C'était la bulle, songe Jean, assis sur les marches devant l'hôtel. Il ne l'aurait, pour rien au monde, touchée. De peur d'en faire quelque chose de plus chétif. C'est beaucoup dire ! et avec ça, Jean rit, secoué, de plus en plus secoué par la certitude qu'elle aurait crevé. Pourtant toucher sa peau moite, c'est encore ce que, une heure plus tôt, il aurait fait. Beaucoup de fois, et en rêve, il aura touché cette peau, glissé sur cette peau comme une carpe qui se débat, pêchée la veille ; encore vivante. Je n'ai jamais cru qu'elle avait, comme toutes les femmes, un sexe caché sous les vêtements. C'était une simple bulle, humide, que le soleil diaprait de couleurs. Elle avait l'odeur des violettes écrasées contre la terre humide, les deux jambes collées sous la jupe et jointes par une boule de tissu. Et avec ça, l'image de la carpe revient : lourd, débattu, l'animal s'écrase contre le cœur de Jean. Soudain, la nuit est tombée ; une personne de l'accueil sort pour l'appeler ; lui parle de clefs, lui demande s'il va bien. Jean ne pensait pas qu'une personne pût encore s'inquiéter de lui ; c'est qu'il est moite et ruisselle, toutes ses tripes sont moites et ruissellent.

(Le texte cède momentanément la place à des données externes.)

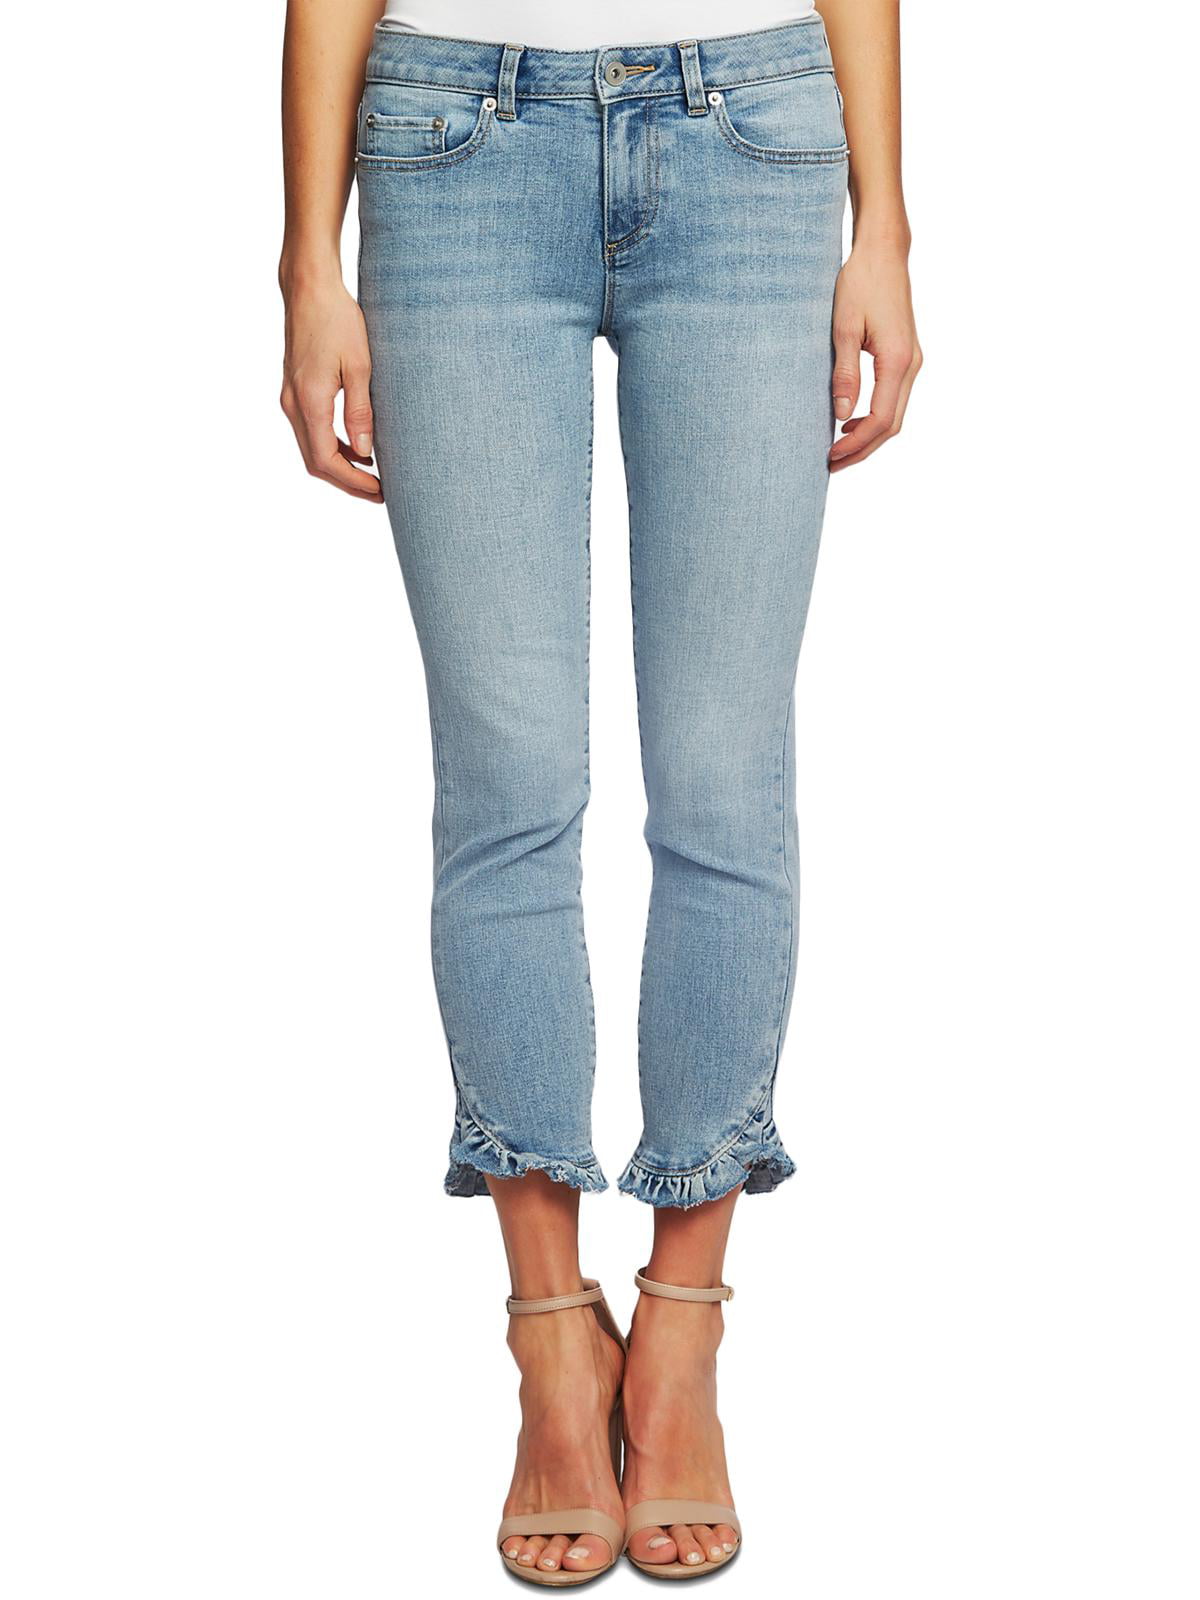 CeCe - CeCe Womens Denim High Rise Skinny Jeans - Walmart.com - Walmart.com
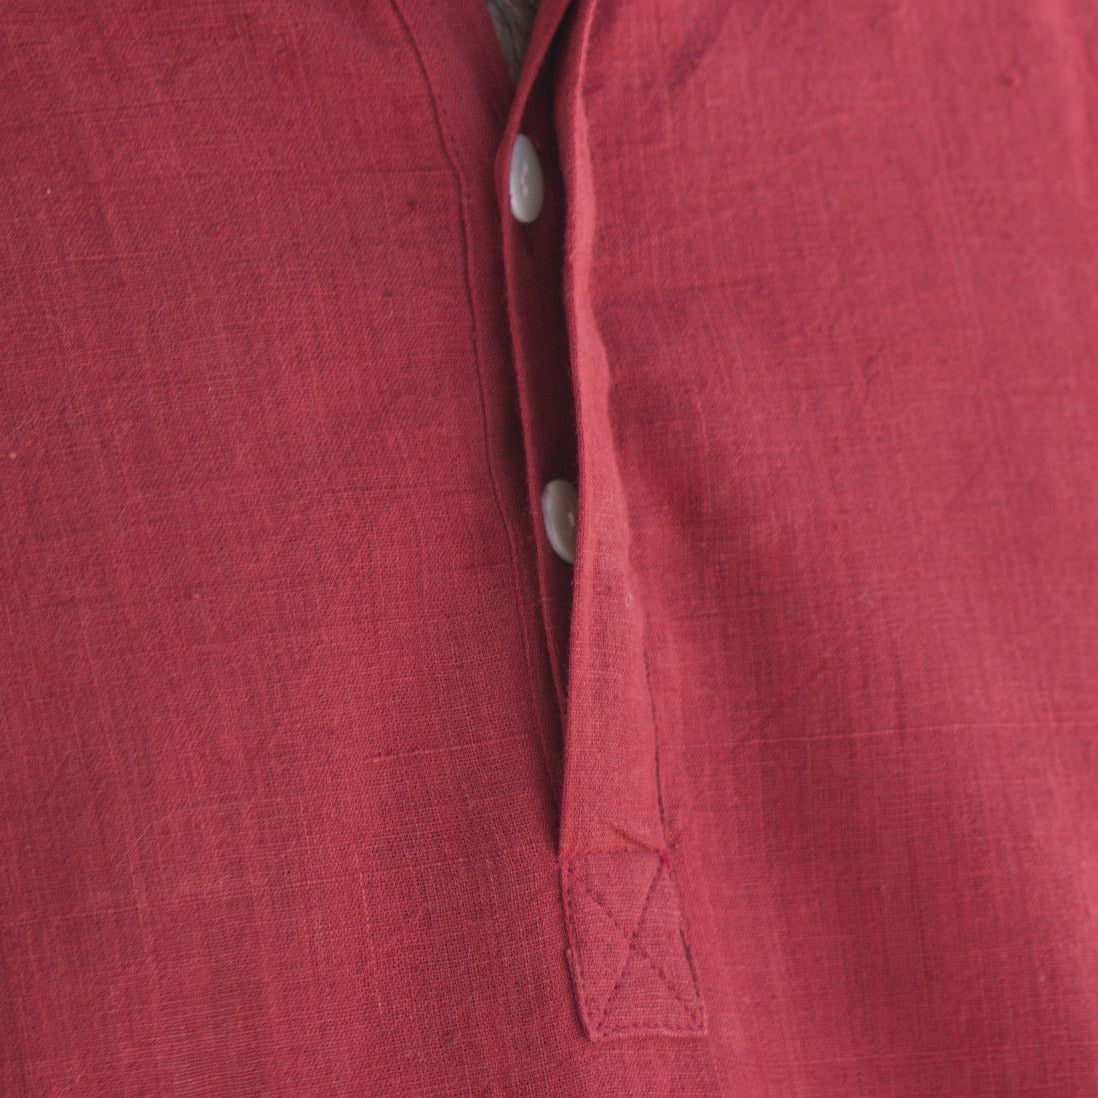 Malkha XA3916 Handspun Cotton Unisex Shirt Wearable Stitched Garment Textile Weaving

Surtout, dans ses tripes, c'est Myriam qui est la plus moite, la plus ruisselante, et qui ressemble à de la pluie. Perdu dans une rêverie, il revient, comme si ça clignotait, à l'image de la carpe : poisson d'eau douce, animal fuyant, il voit Myriam remonter le cours des fleuves, obstinée et nue. Seules ses narines ouvrent le long des flancs deux minces ouvertures : c'est la bulle, simplement.